PFAF is a registered educational charity with the following objectives:

The Charity's objectives are to advance the education of the public by the promotion of all aspects of ecologically sustainable vegan-organic horticulture and agriculture with an emphasis on tree, shrub and other perennial species; and the undertaking of research into such horticulture and agriculture, and dissemination of the results of such research.

The website contains an online database of over 8000 plants: 7000 that can be grown in temperate regions including in the UK, and 1000 plants for tropical situations.

The database was originally set up by Ken Fern to include 1,500 plants which he had grown on his 28 acre research site in the South West of England.

Since 2008, the database has been maintained by the database administrator employed by the Plants For A Future Charity.

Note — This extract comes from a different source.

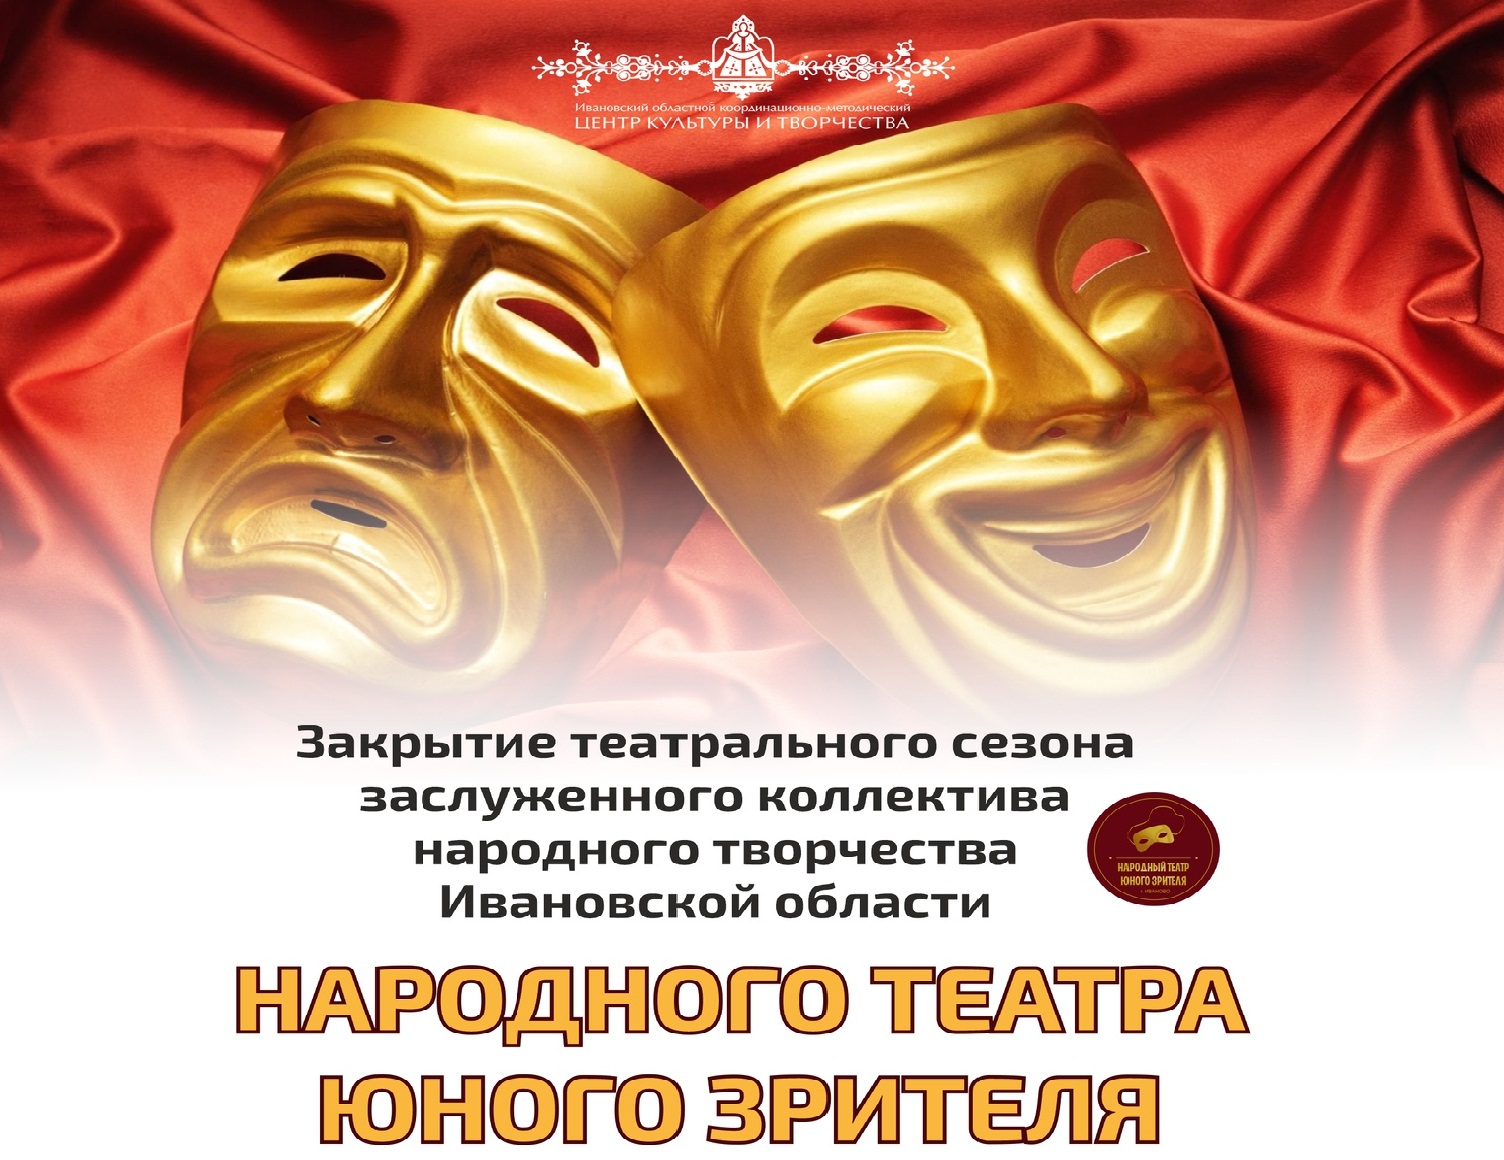 Народный театр юного зрителя в Иванове завершает сезон

The organization participates in public discussion by publishing books. Members have participated in various conferences and are also participants in the International Permaculture Research Project.

==Publications==
- Fern, Ken. Plants for a Future: Edible and Useful Plants for a Healthier World. Hampshire: Permanent Publications, 1997. ISBN 1-85623-011-2.
- Edible Plants: An inspirational guide to choosing and growing unusual edible plants. 2012 ISBN 9781481170017
- Woodland Gardening: Designing a low-maintenance, sustainable edible woodland garden. 2013. ISBN 9781484069165
- Edible Trees: A practical and inspirational guide from Plants For A Future on how to grow and harvest trees with edible and other useful produce. 2013. ISBN 9781493736102
- Plantes Comestibles: Le guide pour vous inspirer à choisir et cultiver des plantes comestibles hors du commun. 2014. ISBN 9781495914690
- Edible Perennials: 50 Top perennial plants from Plants For A Future. 2015.
- Edible Shrubs: 70+ Top Shrubs from Plants For A Future. 2019. ISBN 9781791954949
- Plants for Your Food Forest: 500 Plants for Temperate Food Forests and Permaculture Gardens. 2021. ISBN 9798520865087
- Food Forest Plants for Hotter Conditions: 250+ Perennial Plants For Tropical and Sub-Tropical Food Forests and Permaculture Gardens. 2024. ISBN 979-8883693679.